This is a news release from the University of Southern Mississippi
On any given day, you can find Jim Franks inside the University of Southern Mississippi's Gulf Coast Research Laboratory (GCRL) or out on Gulf Coast waters, studying the habitats and conditions of fish along the Mississippi Coast and beyond.
Franks has spent half a century studying creatures of the Gulf Coast, namely fish of all shapes and sizes. The senior research scientist works with a team that constantly monitors fish stock in the northern Gulf of Mexico.
"It's never the same. Things are always changing. The environment in Gulf waters is extremely dynamic so marine resources respond accordingly. We have to continue to monitor and conduct our research to better understand those responses, both natural and man-made," Franks said.
To assist Franks and his colleagues in this important work, Southern Miss recently acquired a new research vessel that has been named in honor of Franks and his lengthy career with the University.
The 60-foot research vessel -- R/V Jim Franks -- is the newest addition to GCRL's fleet and will replace the R/V Tom McIlwain, which is being retired later this year. Planning for the R/V Jim Franks began in 2012 with the actual on-site construction at the GEO Shipyard beginning in early 2015.
After a poll of GCRL faculty and staff, the decision was made to immortalize the work and dedication of the still-practicing fisheries biologist by naming the new research vessel in Franks' honor.

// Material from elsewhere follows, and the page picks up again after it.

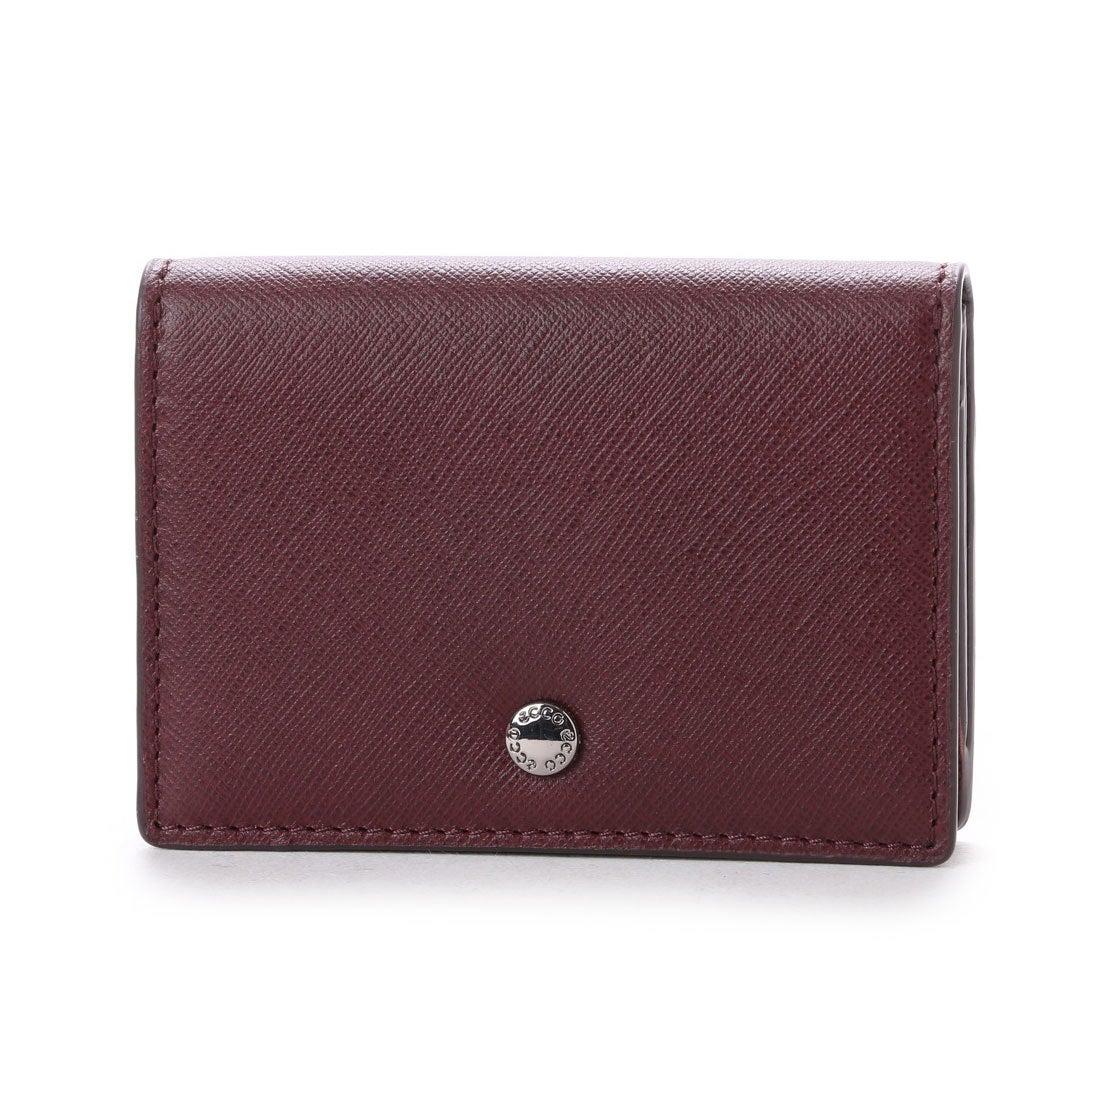 bb3f96a7dd エコー ECCO Iola Card Case (WINE) -アウトレット通販 ロコレット ...

The vessel will reinforce the work being conducted by the Southern Miss Center for Fisheries Research and Development. The center works with many government agencies to evaluate the condition of the coastal eco-system.
"Our research is far-reaching not only just here in our Mississippi waters, but we collaborate all over the gulf region and Caribbean," said Franks.
Franks has seen the department grow from a handful of scientists to dozens of people ranging from faculty and staff to students who are completing their education with hands-on marine science research experience.
"Just to answer critical problems, and the mystery of how marine life functions here in the Gulf of Mexico. Still so many unknowns and to me that's exciting," said Franks. "Working with students and giving them the opportunity to participate in the work. Seeing them grow, develop & become our future scientists. They get excellent training, experience at the university and GCRL."
The research vessel will be officially launched sometime this summer.